The aim of this study was to evaluate if SPIO in an ultra-low dose of 0.1 mL administered intradermally can minimize SPIO-related skin discoloration and breast MRI artifacts following BCS. This report is a preplanned analysis of secondary endpoints from a previously reported prospective feasibility trial, which showed that SLNB was successful in all of the 50 included patients.¹⁴

Methods

Study population and design

Fifty patients with histologically confirmed breast cancer and clinically node-negative axilla planned for BCS and SLNB were prospectively enrolled at Sahlgrenska University Hospital, Gothenburg, Sweden. All patients provided written informed consent. Exclusion criteria were age <18 years, body mass index (BMI) > 40 kg/m², and contraindications for MRI, such as claustrophobia, metallic implants, internal electrical devices (e.g., pacemaker), and permanent makeup or tattoos, which, in the investigator’s opinion, might compromise the patient’s safety or imaging. Pregnancy or breastfeeding, iron overload disease, or known hypersensitivity to iron, dextran compounds, or BD were also contraindications. The study was approved by the Swedish Ethical Review Authority (dnr: 2021-02726) and the Swedish Medical Product Agency (dnr: 5.1-2021-41266), and a protocol synopsis was registered at clinicaltrials.gov (NCT05359783).

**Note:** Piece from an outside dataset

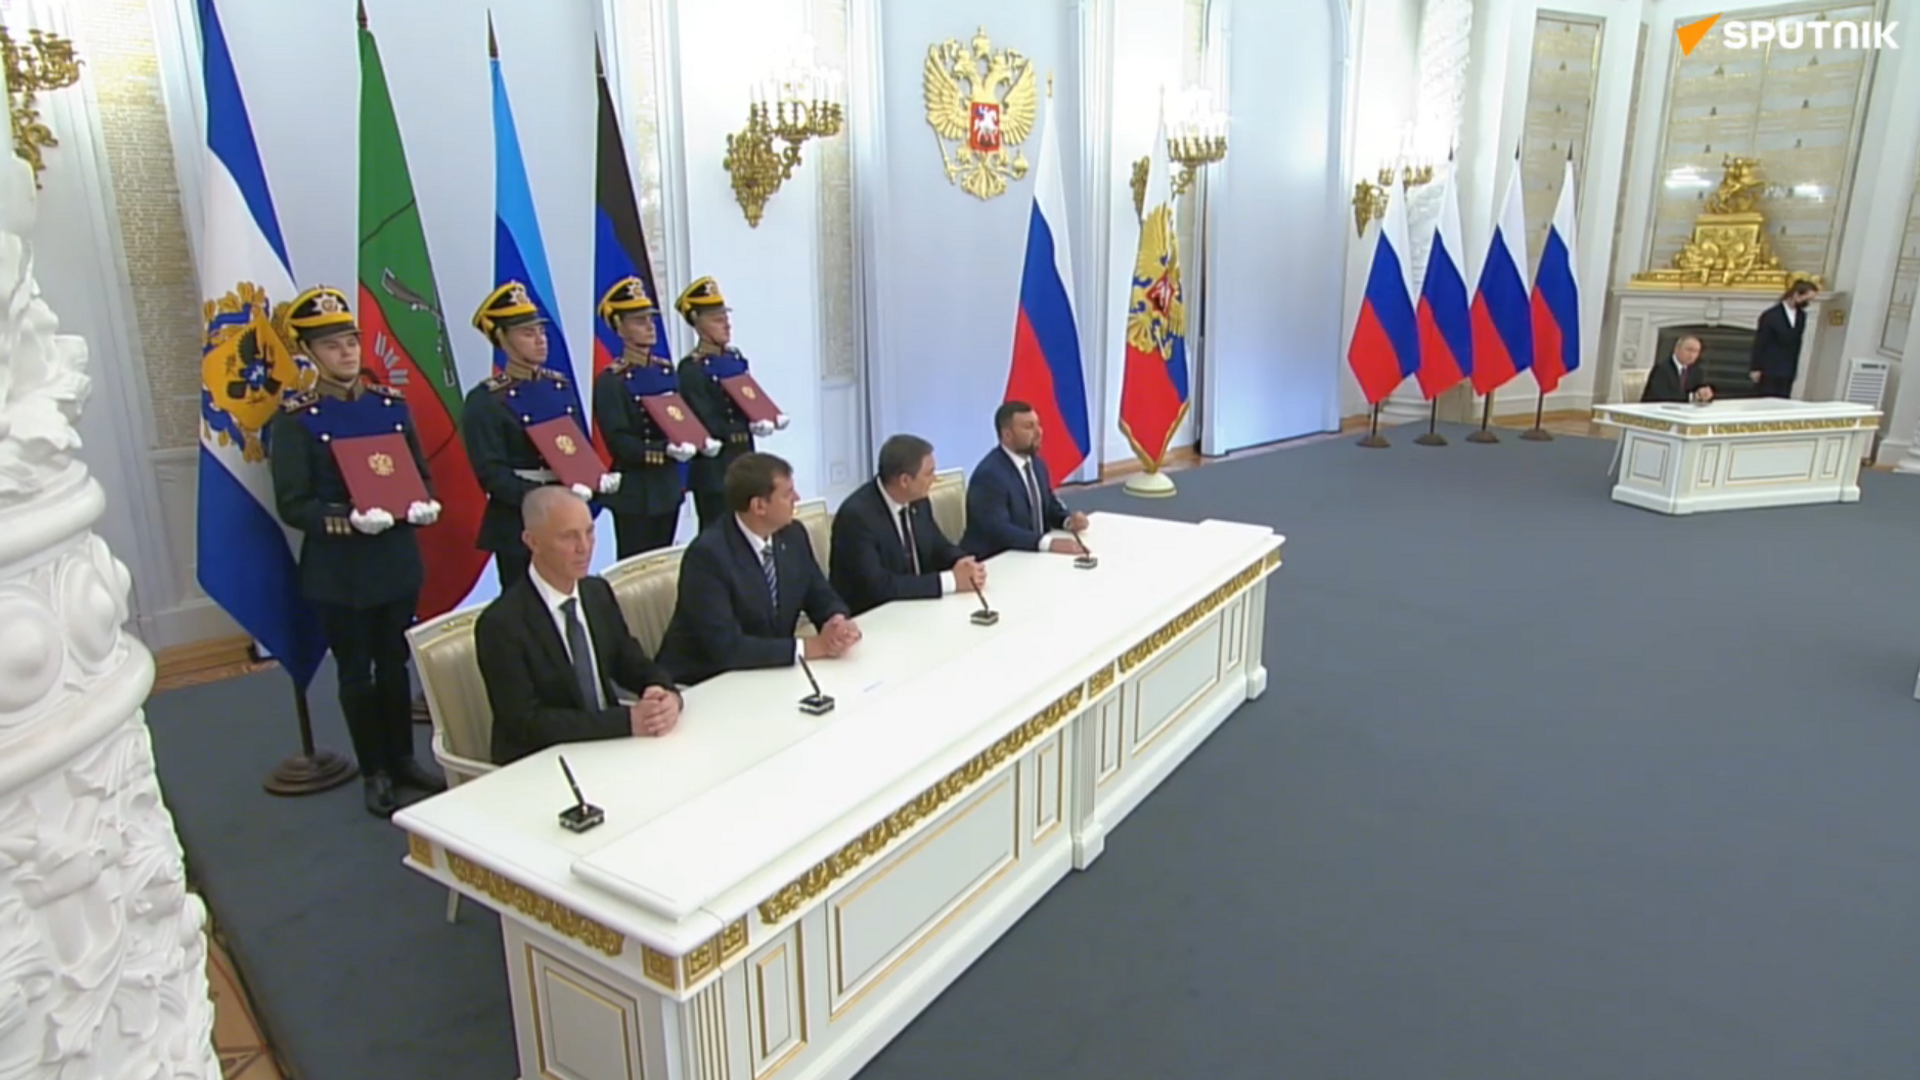 Договор между украиной и россией 2022. Церемония подписания соглашения. Зал переговоров в Кремле. Подписание соглашений в Кремле.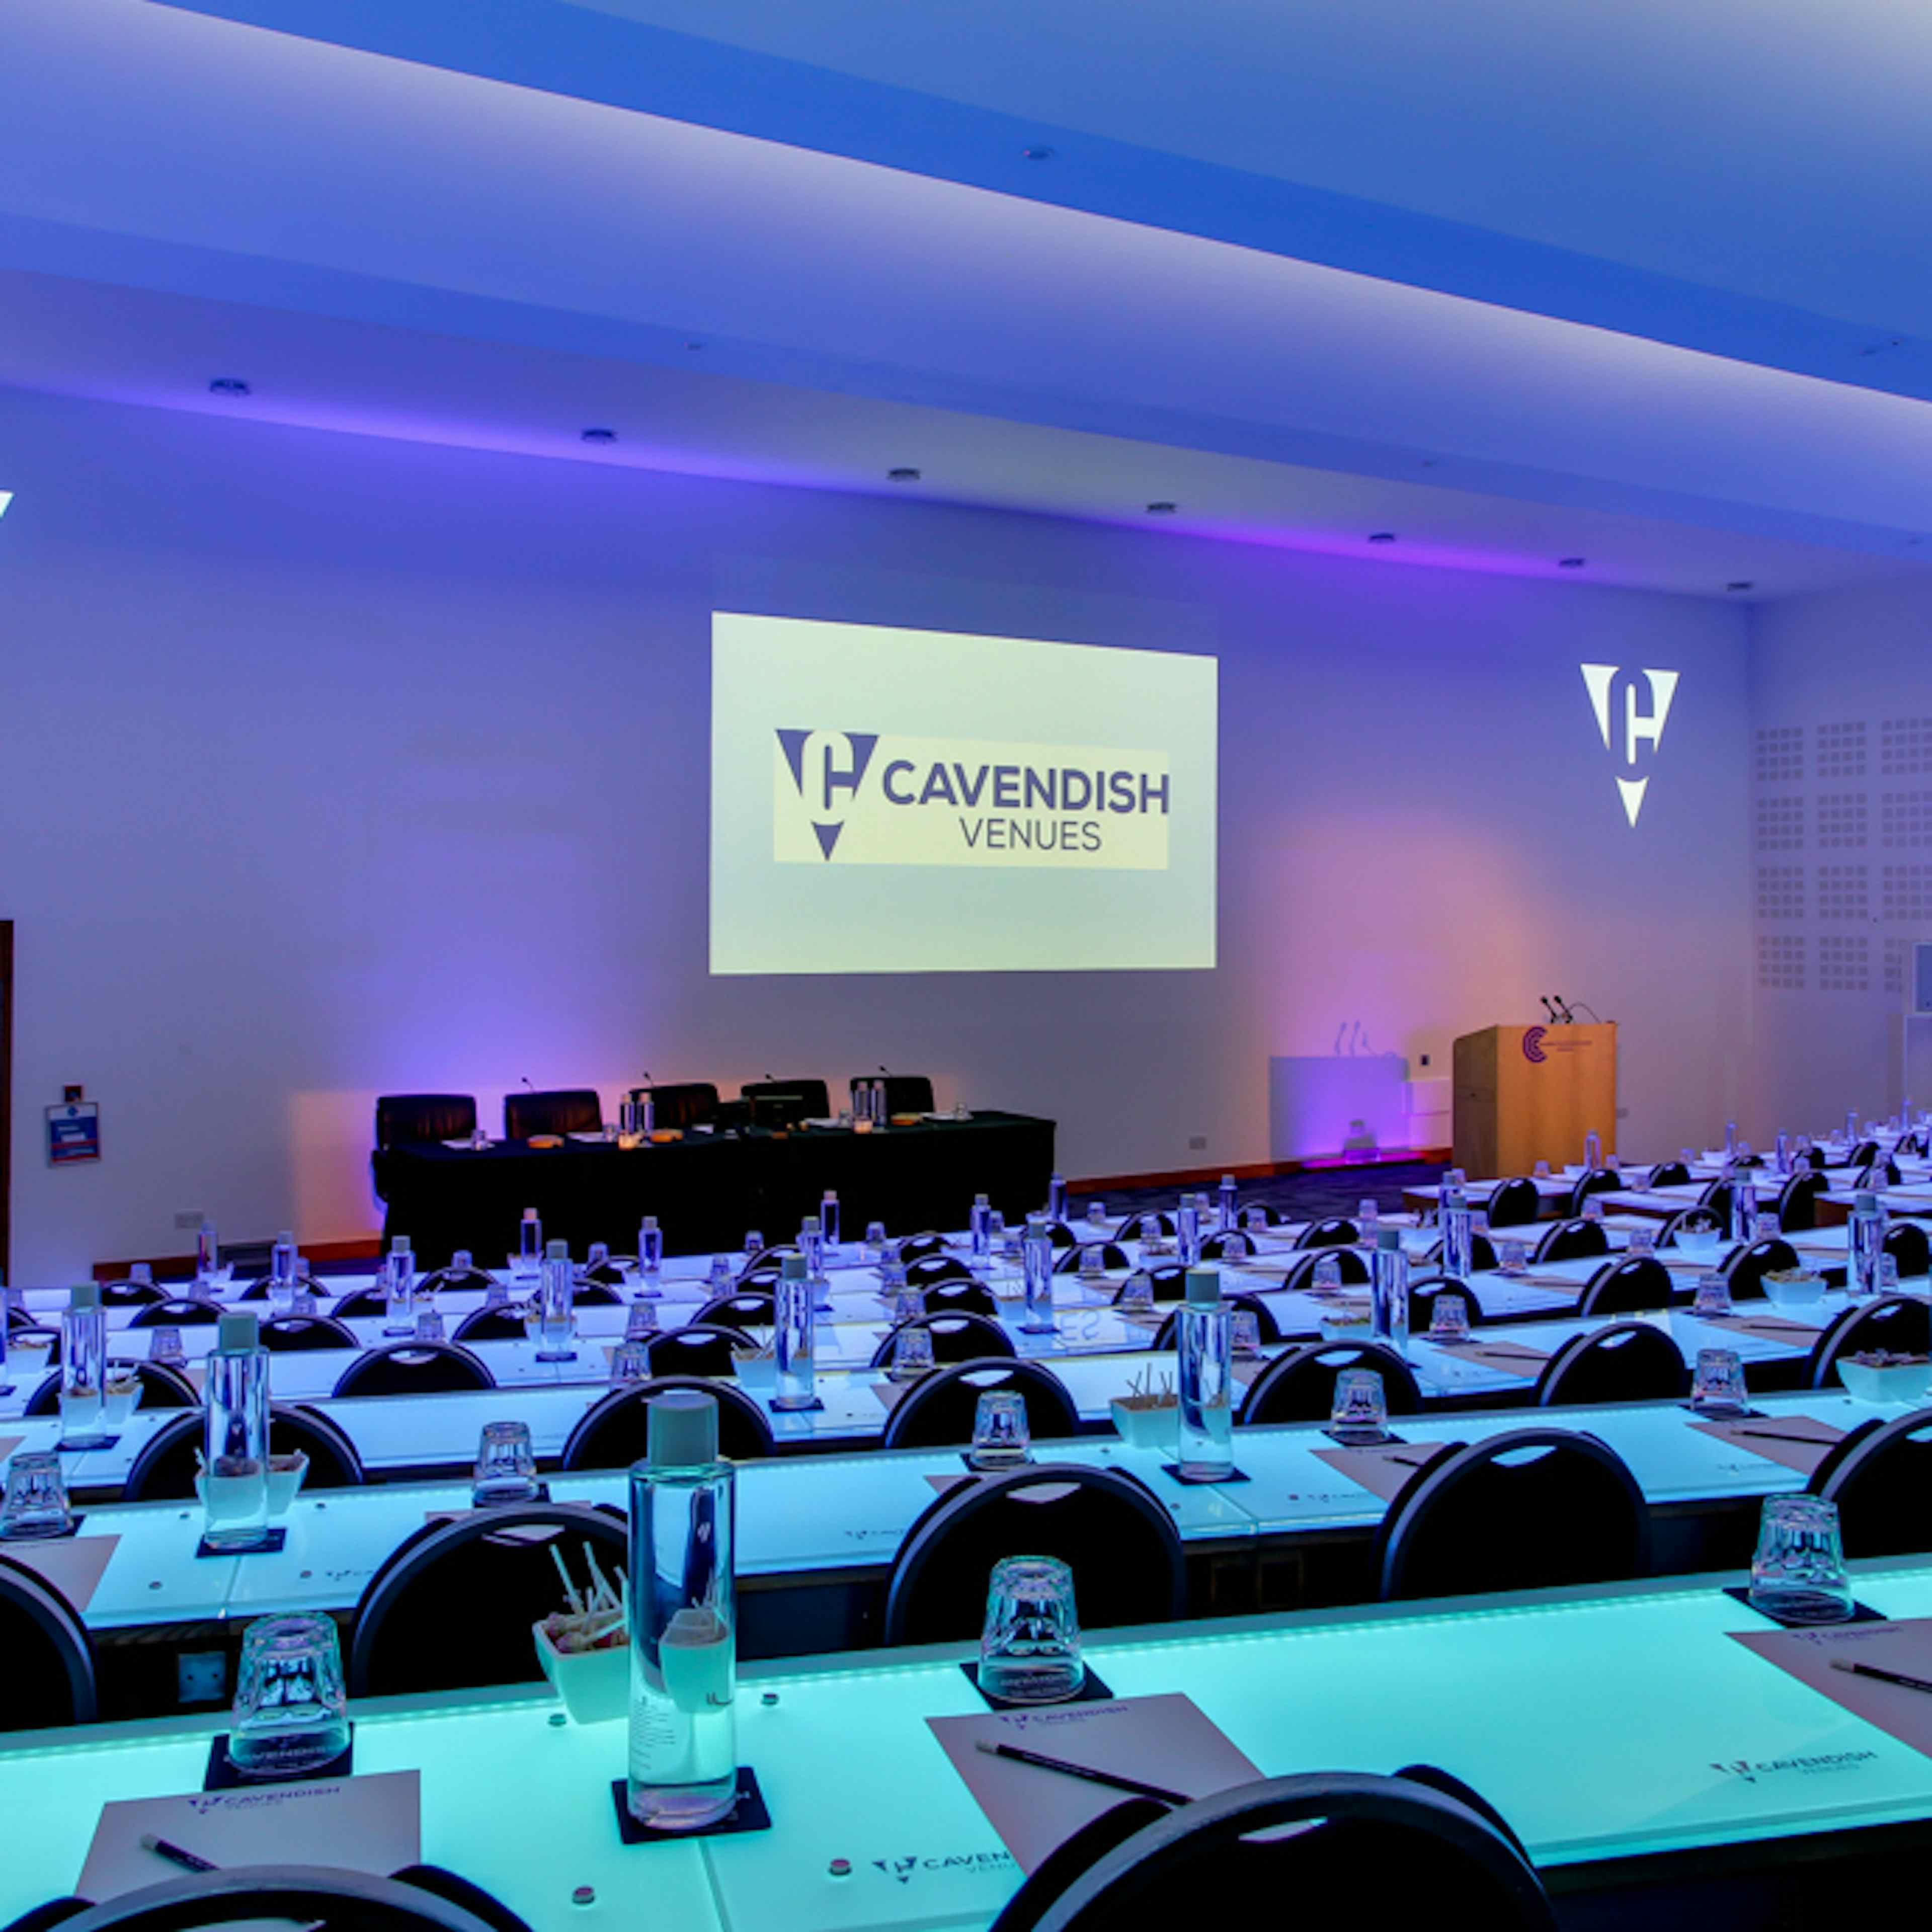 Cavendish Conference Centre - Auditorium  image 2

All patients received an intradermal injection of 0.1 mL SPIO within seven days of the day of surgery, either in the skin over the tumor or at the border of the areola, at the surgeon’s discretion. On the day of surgery, or the day before, Tc^99m was injected peritumorally, whereas BD was optional to inject and was administered after the onset of anesthesia, but before skin incision, and the injection site was then separated from the SPIO injection. The protocol permitted the removal of discolored skin based on patient preferences.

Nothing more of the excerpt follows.